Однажды во время приёма ко мне подошла медицинская сестра, моя односельчанка:

– Евгений Николаевич, в реанимации в хирургии лежит Флорик. Его прооперировали. Его мама просила вас навестить его. Может удастся хоть чем-то помочь.

– Что за операция у него была?

– Панкреатит.

Многое, если не всё, стало ясным. Отпустив пациента, я, извинившись перед ждущими в очереди и, сославшись на необходимость срочно быть в хирургии, поспешил в отделение. Поднявшись на третий этаж, я услышал громкие стоны, прерываемые вскриками. Это было мне знакомо. Так кричат люди с неуёмными болями в животе. По коридору, скорбно склонив голову и сложив в безнадёжности руки на груди, ходила взад-вперед Нина – жена Флорика. Мама его, тётя Сянька, в накинутом на плечи халате, стояла у подножья кровати. У изголовья стояла малолетняя дочка Флорика – Регина. Альбина была в коридоре.

Тётя Сянька, всегда дарившая мне в далёком моём детстве на пасху, крашенные Флориком, пасхальные галунки, повернулась ко мне:

– Женик! Подивись щэ ты! Може моя дитина шэ буде жити? Може, шо дашь, шоб его не так болiло? Зробе хоть шо-нибудь.

За свою сорокапятилетнюю врачебную жизнь я очень много раз слышал:

– Ну, сделайте хоть что-нибудь! Хоть как-нибудь!

Что-нибудь и как-нибудь я в жизни не делал. Или делал, или, если не мог, посылал в Кишинёв или Киев..

До сих пор меня не перестаёт жечь постыдное ощущение, что я предал, когда, приехавший издалека и теряющий надежду, молодой человек просил меня поехать в Сороки помочь старшей сестре, попавшей в больницу с кровоизлиянием в мозг.

Позвонив в Сорокскую больницу, я спросил о состоянии моей недалёкой соседки. Ответивший мне незнакомый врач неожиданно назвал моё имя, хотя я представился только фамилией:

– Евгений Николаевич! Пациентка с острым нарушением мозгового кровообращения. Она в глубокой мозговой коме. Ставится вопрос о целесообразности перевода её на искусственную вентиляцию легких. Чтобы отдать долг вежливости, можете приехать! Но к сожалению... Мы не всесильны... Понимаете?

Я его понимал, коллегу, которого я не знал, но который знал меня. Как я его понимал! У меня в это время в отделении лежала больная с тяжелейшим носовым кровотечением. Жизнь покидала её тело вместе с льющейся из носа и глотки кровью. Мне предстояло срочно наложить ей заднюю тампонаду носа через рот. Зверская, жестокая процедура, приравненная к операции, которую я не пожелал бы и врагу. Бросить пациентку и уехать мне не позволял закон и совесть.

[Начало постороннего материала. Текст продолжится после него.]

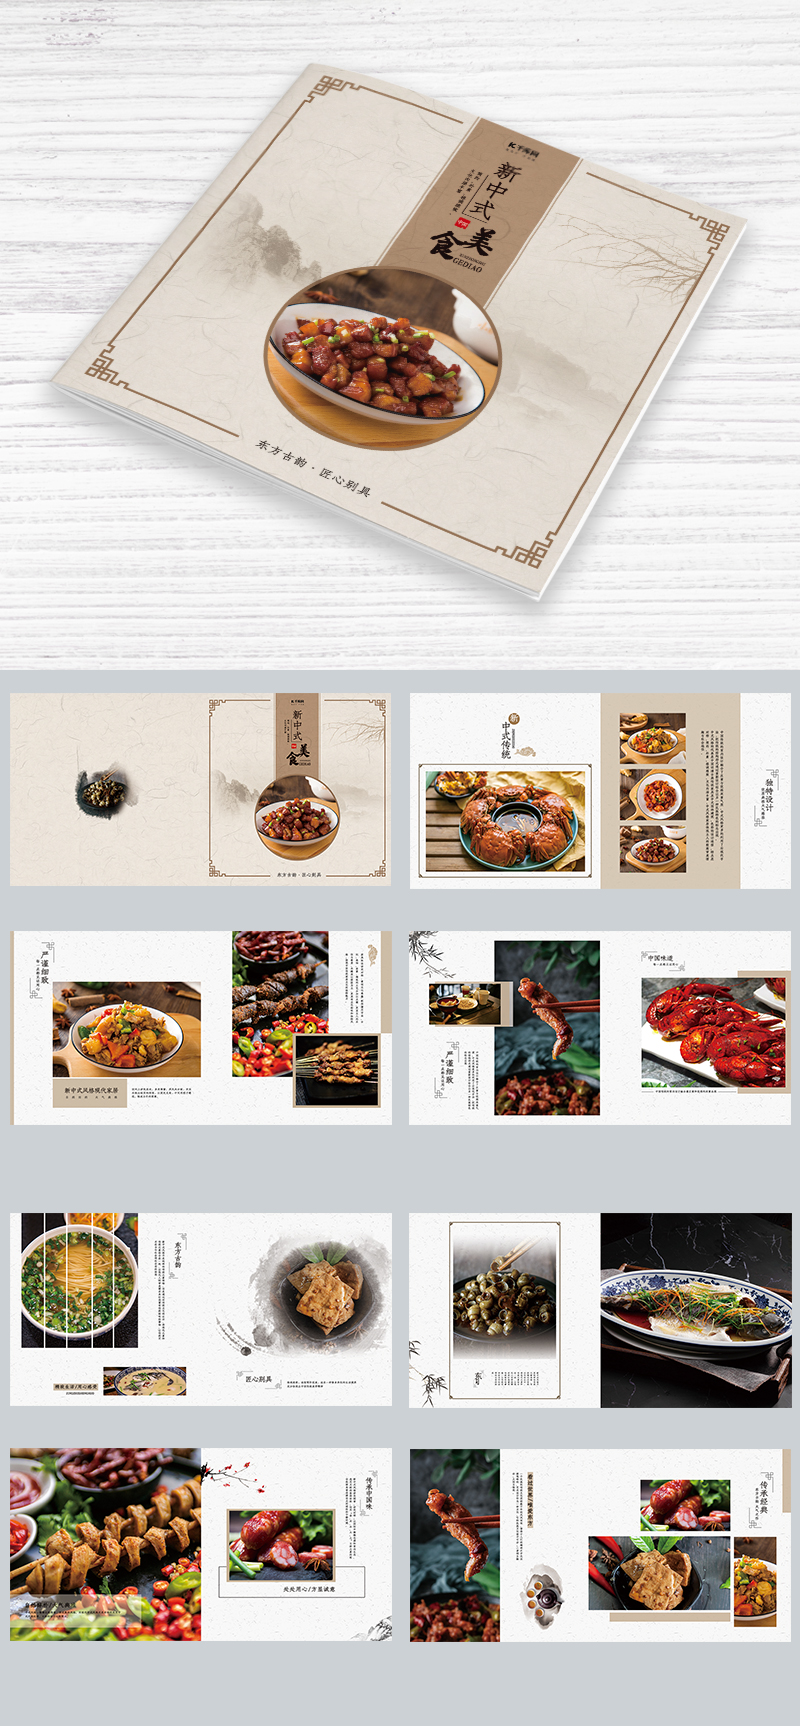 中国风美食画册通用模板画册图片

Скомкав слова, я отказал единственному младшему брату единственной старшей сестры. Кроме ушедших в мир иной родителей, у них оставался единственный, ненамного старше, дядя. Очень далеко... И больше никого!

Младший брат сел в старую серую "Волгу". Машина тронулась. А я, с камнем в груди, пошёл спасать ту, которую можно было ещё спасти.

Чувствовал я себя в такие минуты всегда прескверно, в который раз при этом проклиная выбранную профессию и за бессилие что-либо сделать, хотя бы для облегчения участи безнадёжных.

А сейчас я стоял у подножья кровати Флорика. Лицо его было бледным, с каким-то сероватым отливом. Неестественно посветлевший лоб, как будто отражавший, накопленные за всю жизнь, откровения. Резко заострившийся нос. Но глаза! Глаза Флорика, всегда смотревшие проницательно, легко и доброжелательно одновременно, смотрели сквозь меня мутным взором, подёрнутым тусклой слёзной поволокой. Я уже много раз видел и умел оценивать такие взгляды. Выдержать их натиск всегда очень нелегко. После таких взглядов меня чаще всего ждала бессонная ночь. И самое страшное – эти взгляды не забываются.

Флорик меня не узнавал! По крайней мере, так казалось мне. Он смолк. В палате стало необычно тихо. В молчании пробежали несколько немых мгновений. Поблуждав по потолку, глаза Флорика остановились на мне. Я готов дать руку на отсечение! Он меня узнал!

– Люди! Вы люди или сволочи? Дайте воды! Хоть один глоток!

Я со студенческой скамьи знал, что единственный глоток воды у больных с ранениями живота и панкреонекрозом, является в ста процентах случаев последним. Таким больным почти непрерывно внутривенно льют жидкость, соли, кровезаменители и контрикал. Я, наклонившись к Флорику, начал оправдывать...

– Вы слышите? Дайте глоток воды! Перед смертью дайте глоток воды! Выпью и умру! Дайте же напиться! Ну что вам стоит?

Лоб Флорика в очередной раз покрылся испариной. К виску, как слеза, покатилась капелька пота. Флорик смолк. Глаза его были закрытыми. Как знакомы мне закрытые так глаза с запавшим овалом вокруг! Пропади ты пропадом, моя благородная профессия! Никак не могу привыкнуть!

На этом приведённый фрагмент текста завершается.